Common Errors & Fixes Covered
Why it happens: the demo's first launch failed because the system ran out of disk space during the run.
Fix: free up disk space and rerun the launch command — the loop completed on the second attempt.
Gotchas & Caveats
- The optimizer model must be OpenAI-compatible — a local vLLM endpoint, OpenAI, Anthropic's API, or Azure all work; you can even reuse the target model as its own optimizer.
- "Learning rate" here is not a numeric LR — it's the maximum number of edits allowed per step (the clip/budget on aggregated patches).
- A candidate skill is only kept if it beats the current one on a held-out validation split; failing candidates are rejected and discarded, so the skill only moves forward.
- The approach generalizes to any task with a measurable outcome — Excel formulas, legal letters, whatever — not just agent benchmarks.
- Running a 4B model under vLLM with KV cache already consumes ~44 GB VRAM here; budget your GPU accordingly, or point the target at a hosted endpoint instead.
Key Takeaways
- SkillOpt (Microsoft Research) optimizes a markdown skill document instead of fine-tuning weights — the base model never changes, only its instructions do.
- The loop mirrors neural-net training: epochs, batch size, an edit-budget "learning rate," momentum, and validation gates.

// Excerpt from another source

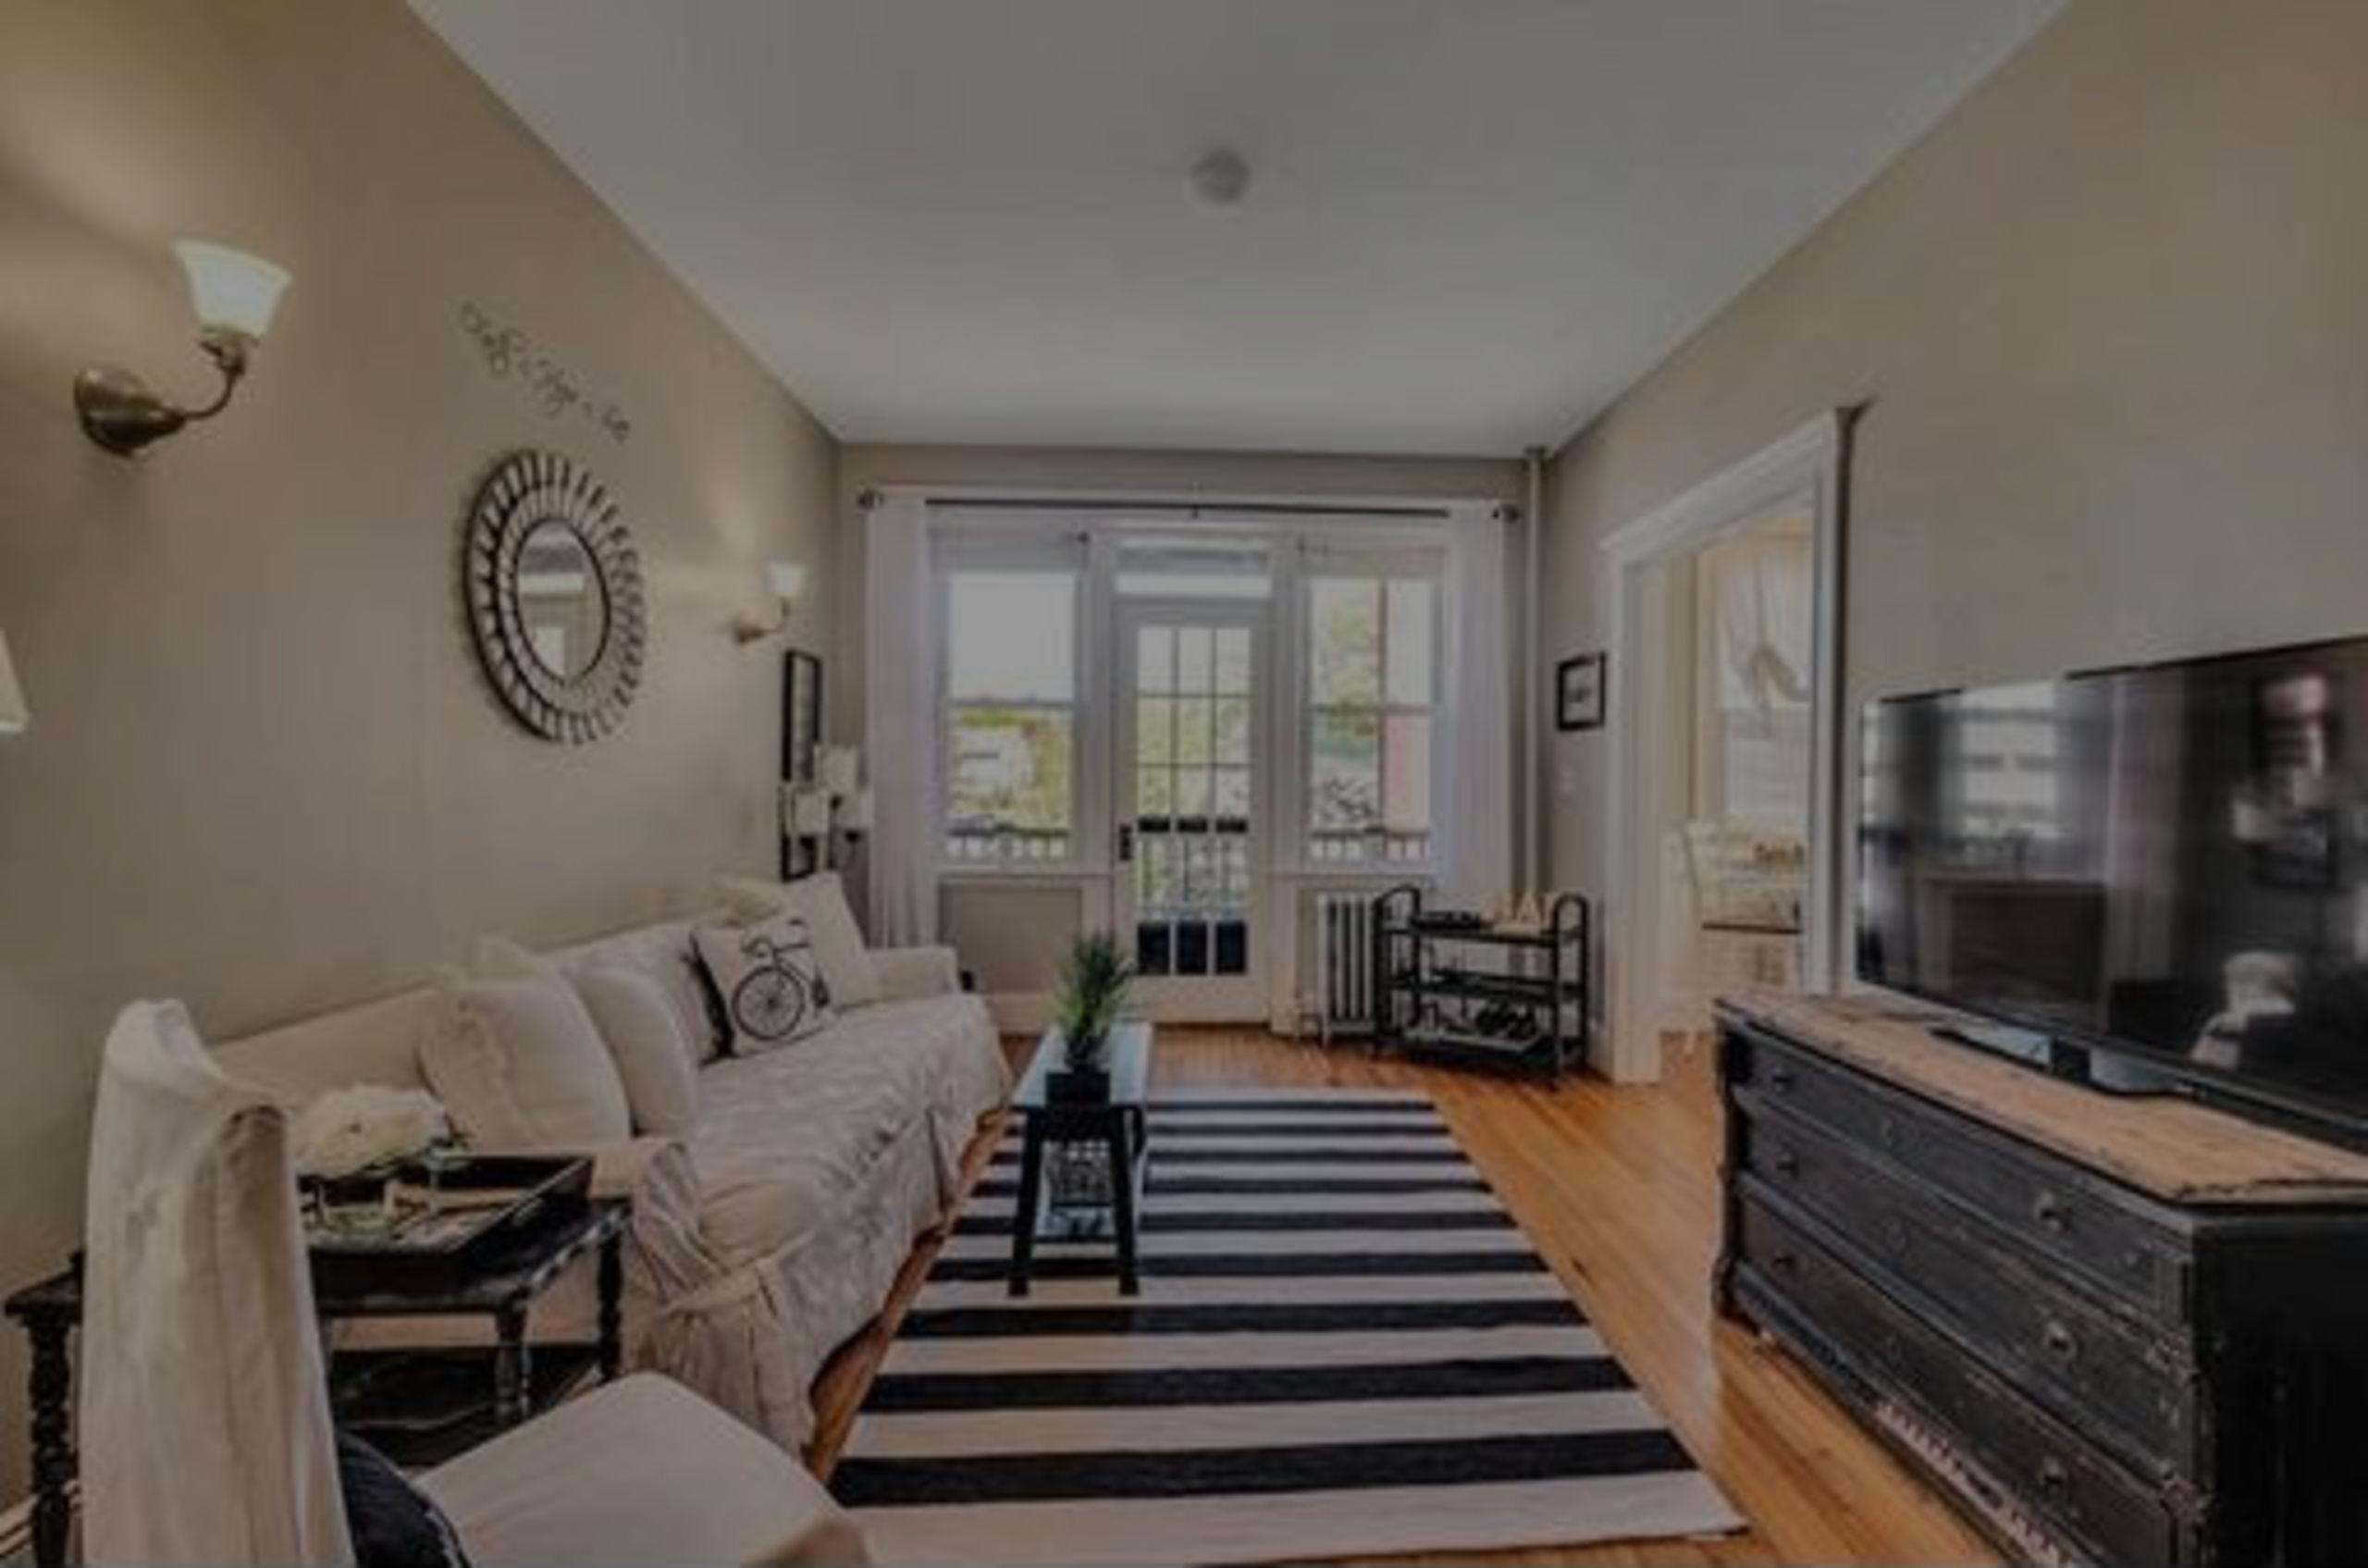 5 Apartments for Rent in Jamaica Plain: $2500 & Under

- A second "optimizer" model proposes patches to the skill doc (the backward pass); a validation gate keeps only genuine improvements.
- The walkthrough trains a local Qwen 3.5 4B (served via vLLM on an RTX A6000) on the ALFWorld household-task benchmark.
- The resulting file reads like a learned checklist — task-type sections, general principles, and anti-loop rules — which is exactly the shape of a good hand-written skill or instruction file.